Start of Block

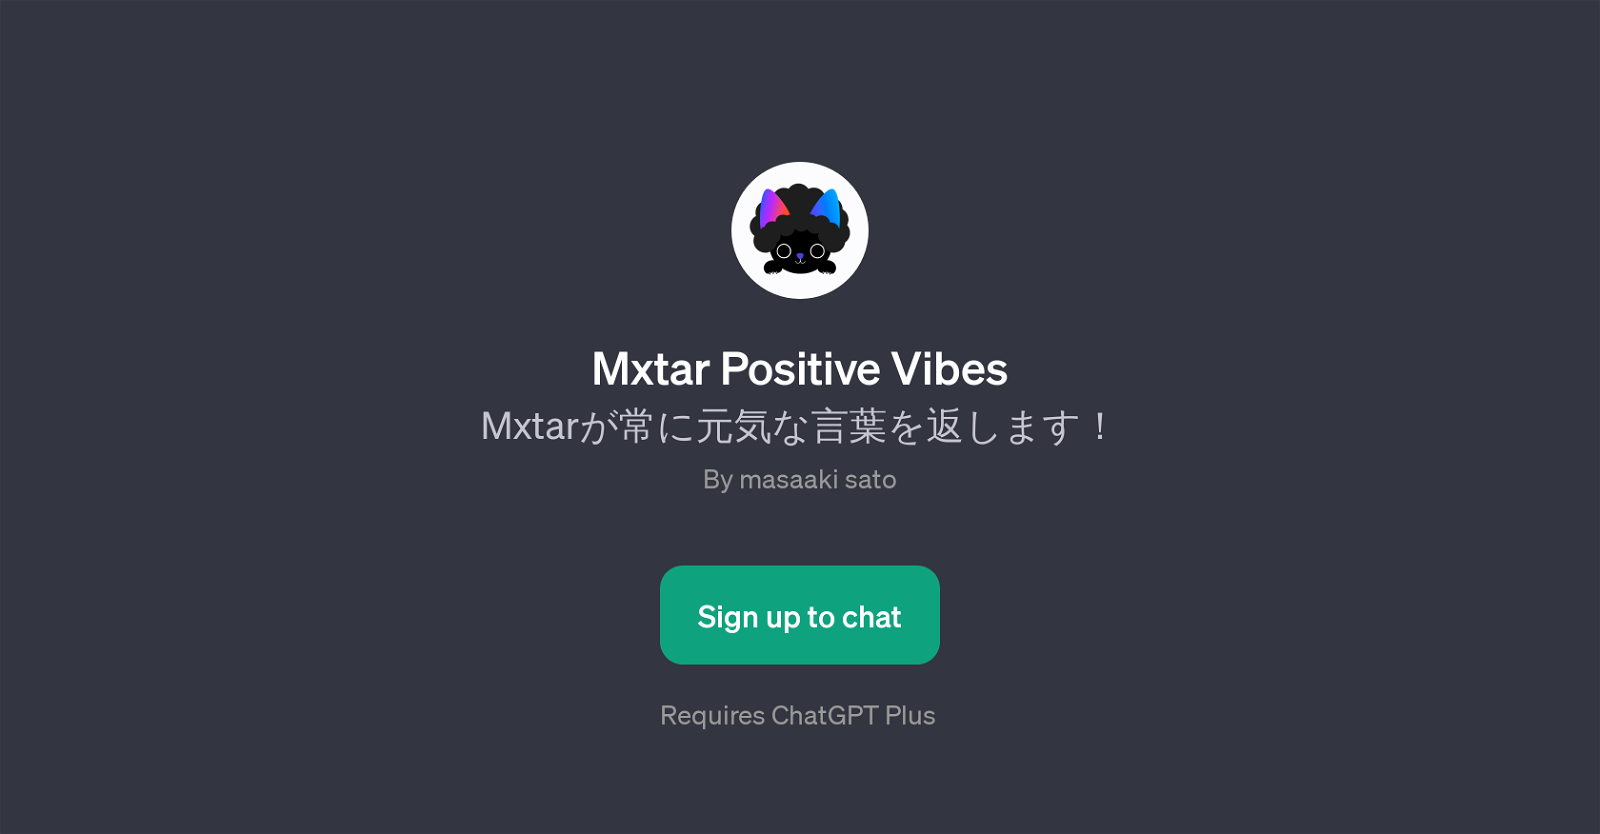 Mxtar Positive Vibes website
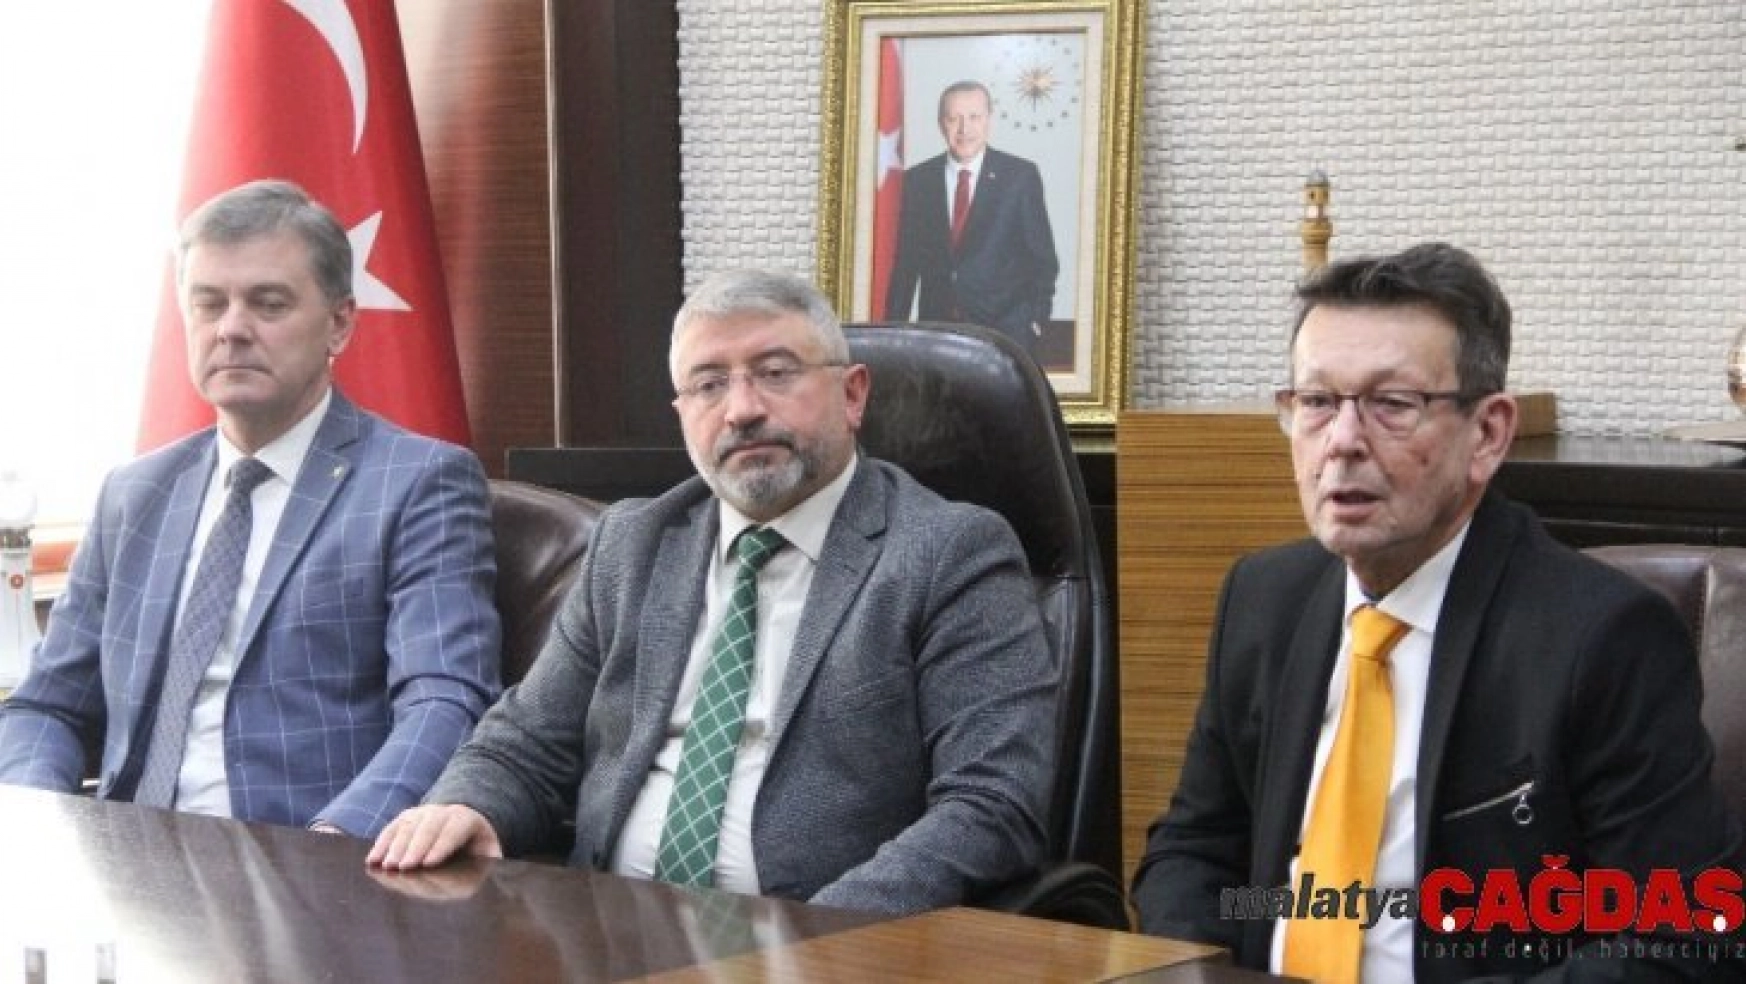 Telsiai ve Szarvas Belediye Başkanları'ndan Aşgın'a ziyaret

End of Block
Start of Block

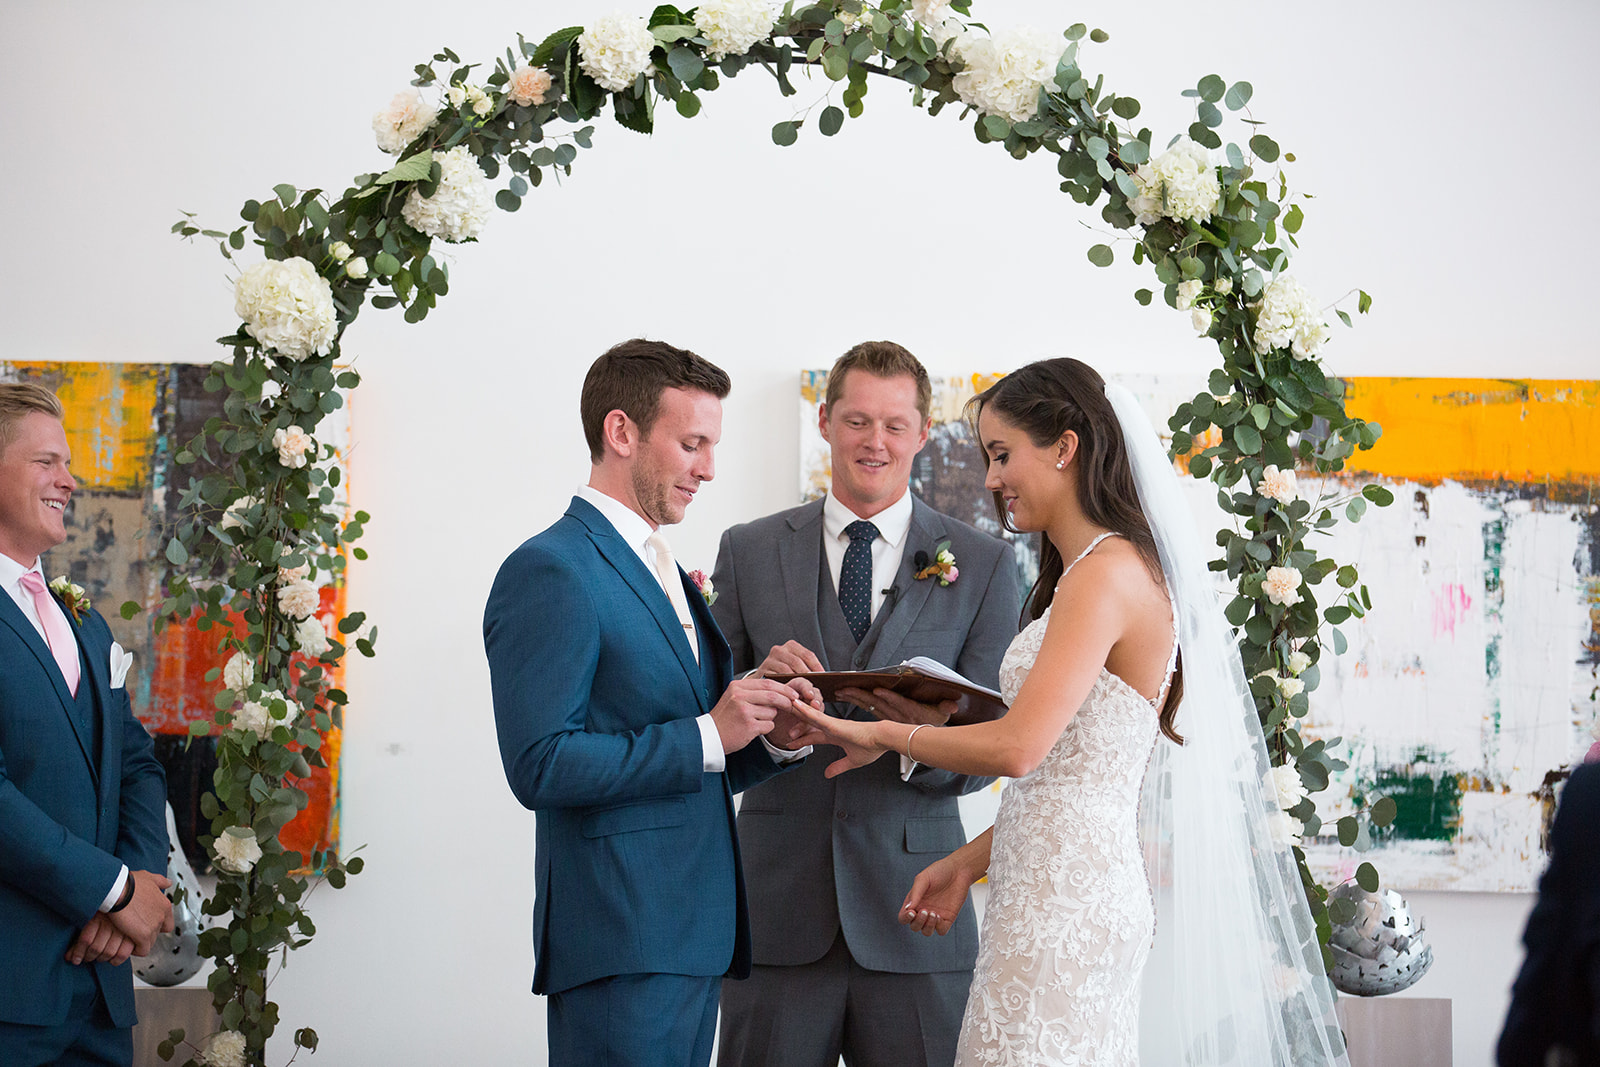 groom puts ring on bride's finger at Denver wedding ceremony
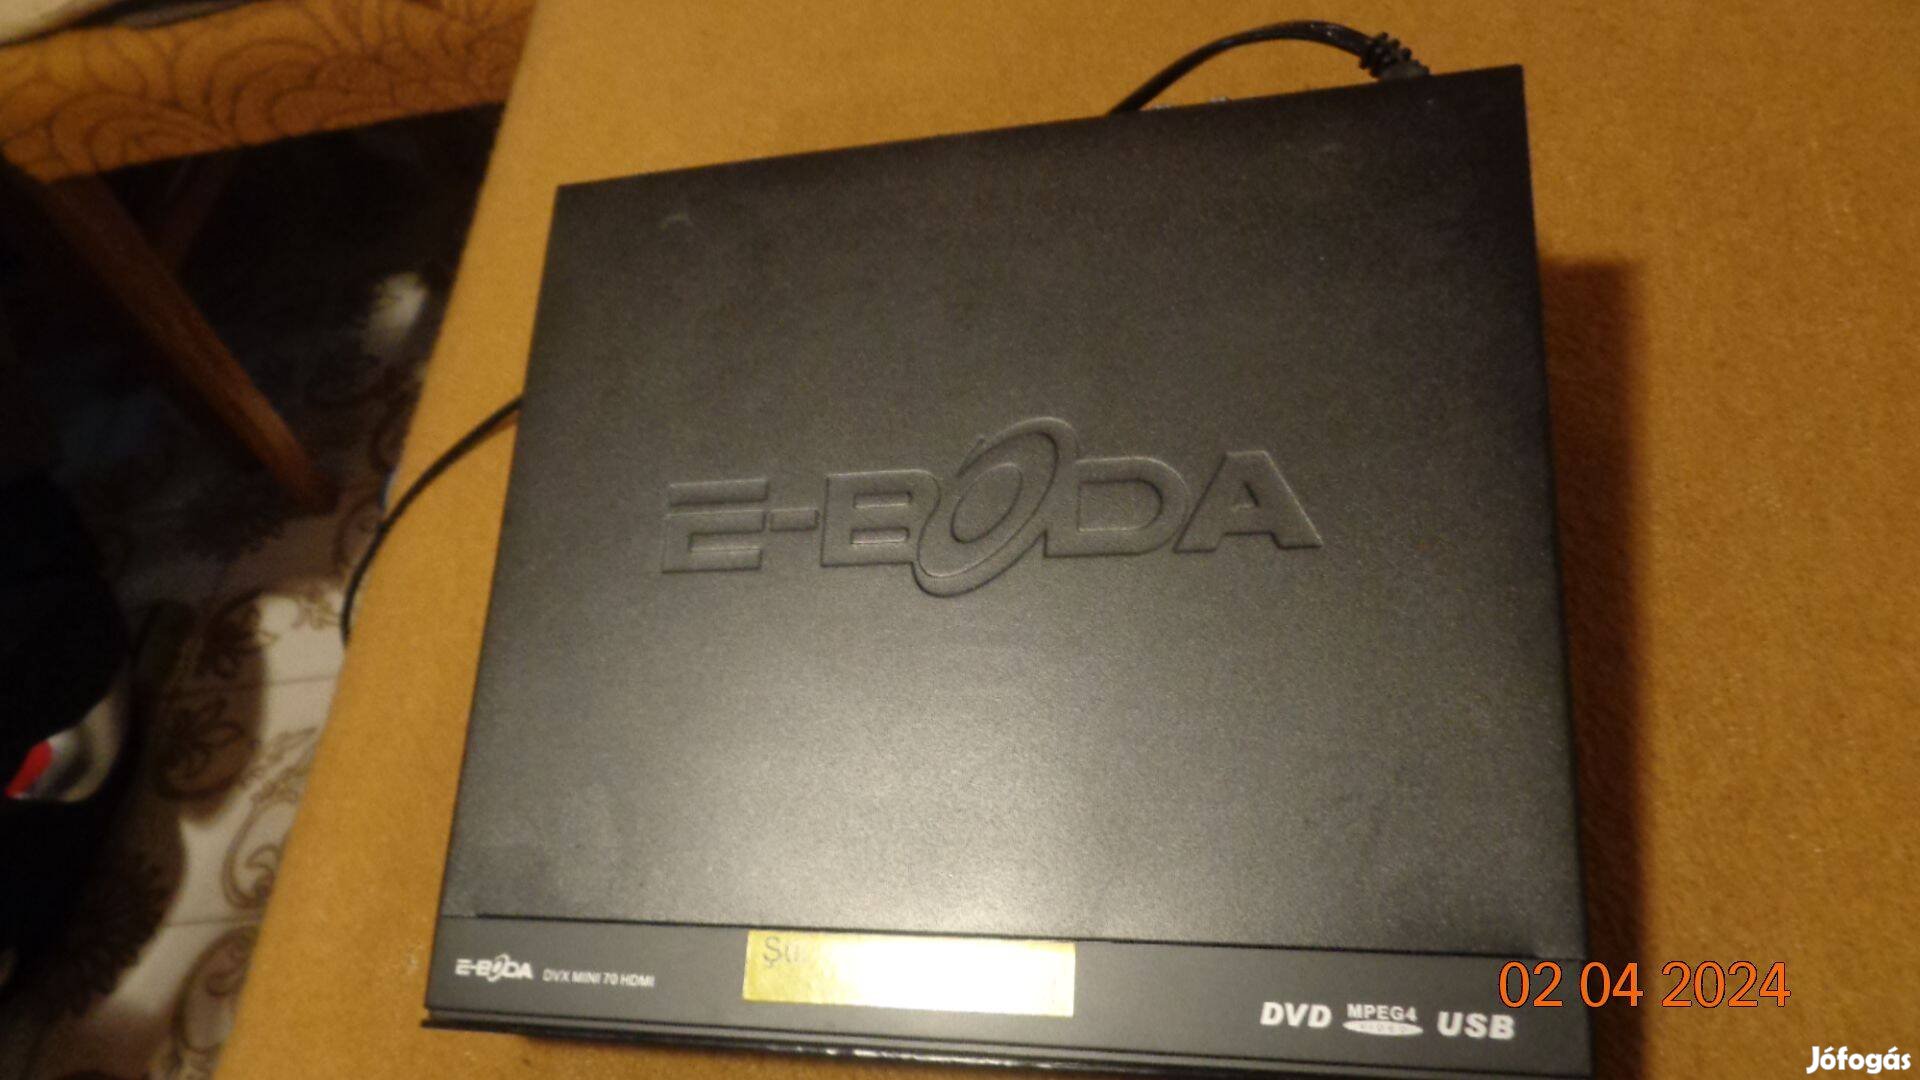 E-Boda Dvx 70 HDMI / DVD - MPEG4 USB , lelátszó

End of Block
Start of Block

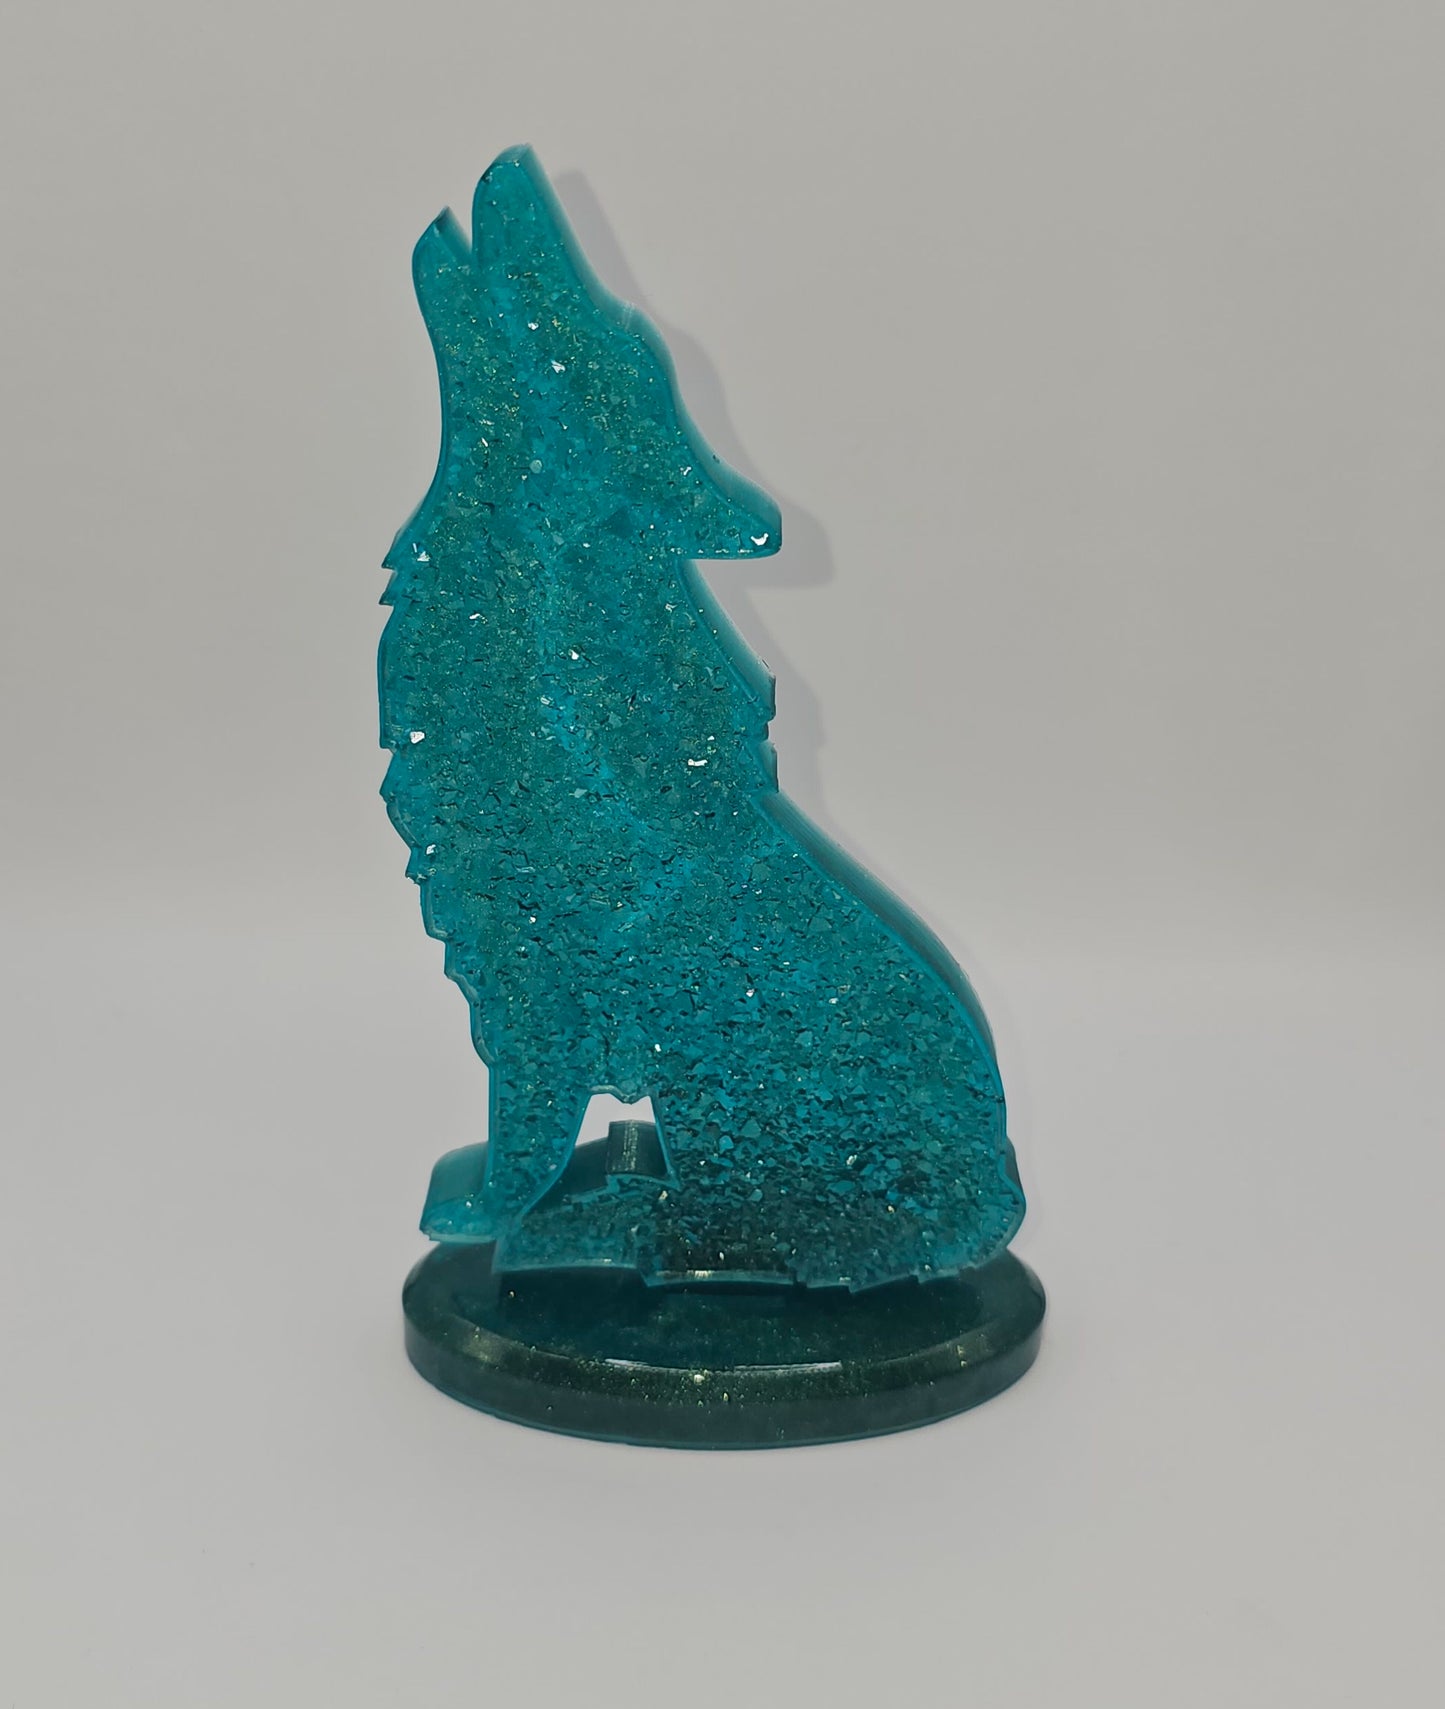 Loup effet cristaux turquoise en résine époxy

End of Block

* [The task]
Reproduce the listing above from the line that holds "groom puts ring" through the line that holds "E-Boda Dvx 70", both included, with the pictures left out.

* [Exercise result]
 groom puts ring on bride's finger at Denver wedding ceremony
 E-Boda Dvx 70 HDMI / DVD - MPEG4 USB , lelátszó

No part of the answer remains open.